Now let's take a look at the start script it just wrote for us:

gedit .vnc/xstartup

Mine looks like this -- you are free to copy it:
Code: Select all
#!/bin/sh

xrdb $HOME/.Xresources
xsetroot -solid darkgrey
# xterm -geometry 80x24+10+10 -ls -title "$VNCDESKTOP Desktop" &
# twm &

wmaker &

# xfwm4 &
# hackedbox &
# openbox &
# blackbox &


So my VNC would start WindowMaker for me ... as you can see I have other options in place. Let's suppose I'd want "BlackBox" to run, I'd put a "#" in front of that "wmaker &" command and then remove the "#" in front of the "blackbox &" command. For GNOME I'd add "gnome-session &" ... for KDE I'd add "startkde &".

Once this file looks the way you want you can try again and start the server again ... you could also define a shortcut on your desktop or write a boot script so that this either happens with the click of a mouse or automagically upon system start. I personally prefer to start my VNC servers manually, e.g. I first login via SSH and then launch the server on the remote machine only if I seriously need them; then I logout and connect via VNC if needed (or I build a SSH tunnel ... but that's another topic).
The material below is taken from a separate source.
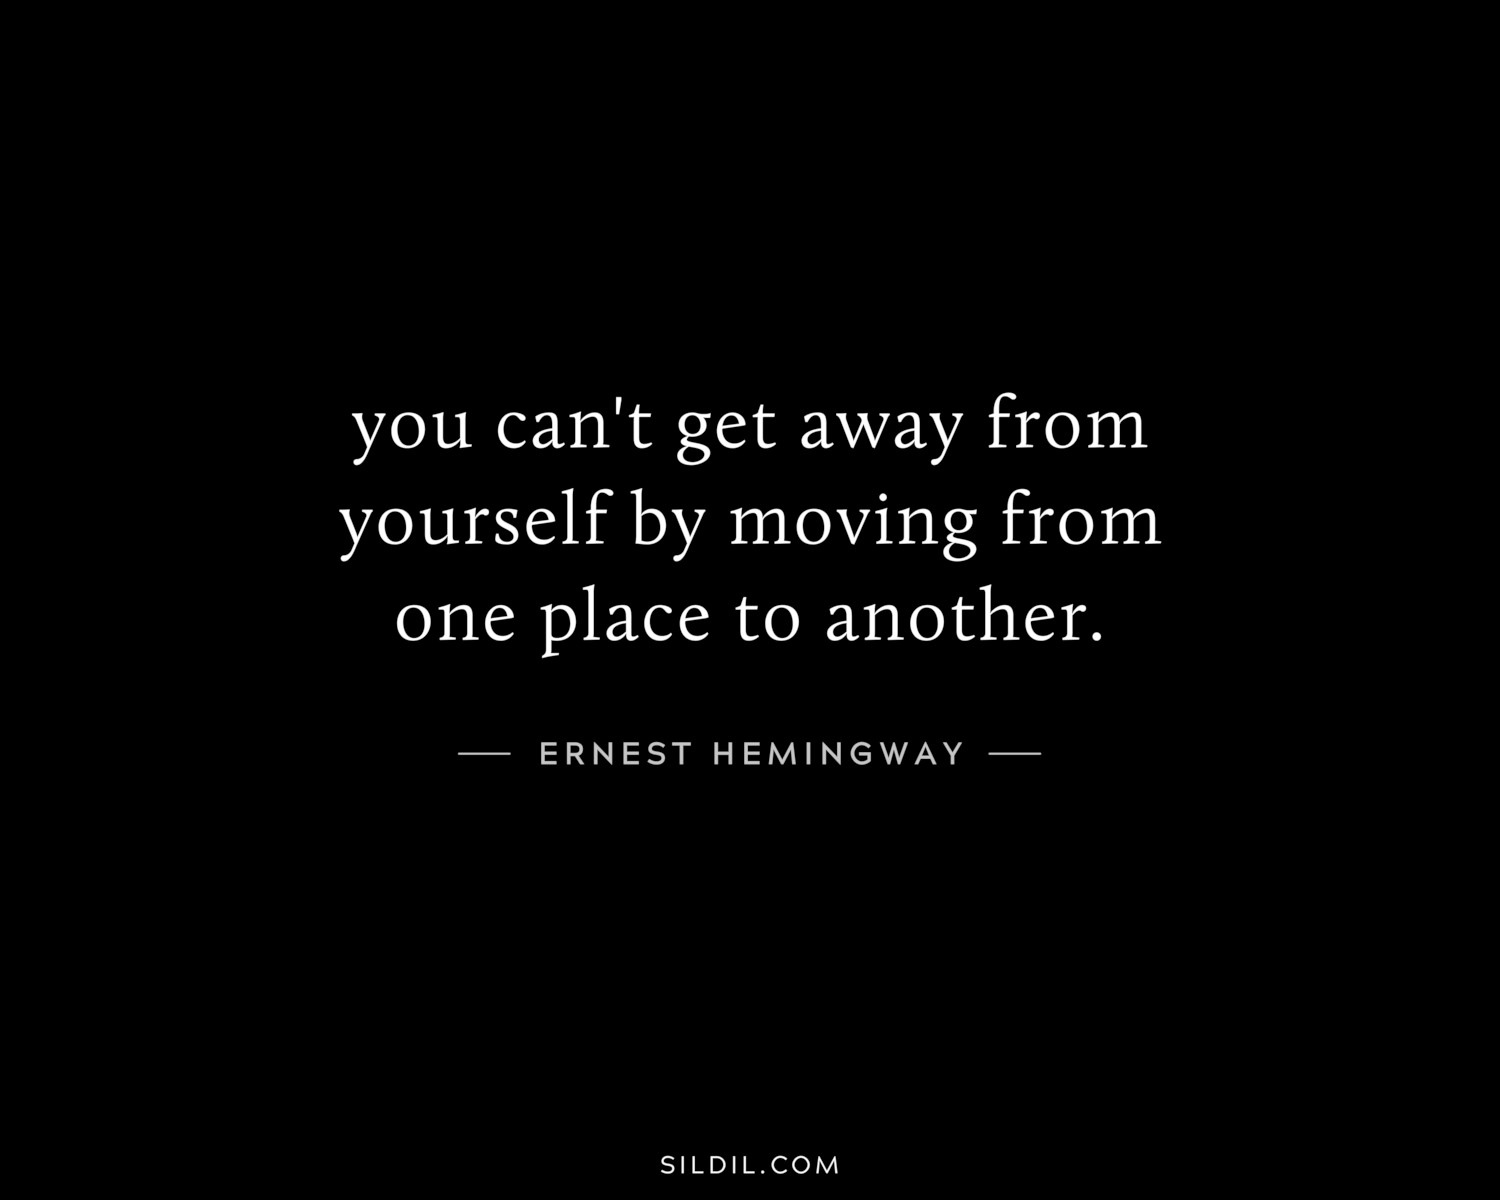 you can't get away from yourself by moving from one place to another.

BTW, you can define whatever wacky screen resolution you want for your virtual VNC desktop ... you're not forced to choose "real" resolutions such as "1024x768" or "1280x1024". A command such as:

vncserver :1 -depth 16 -geometry 1100x720

... is perfectly valid. Above command will give me a nice 1100x720 virtual remote desktop which fits nicely on my laptop screen (1280x800). Feel free to experiment.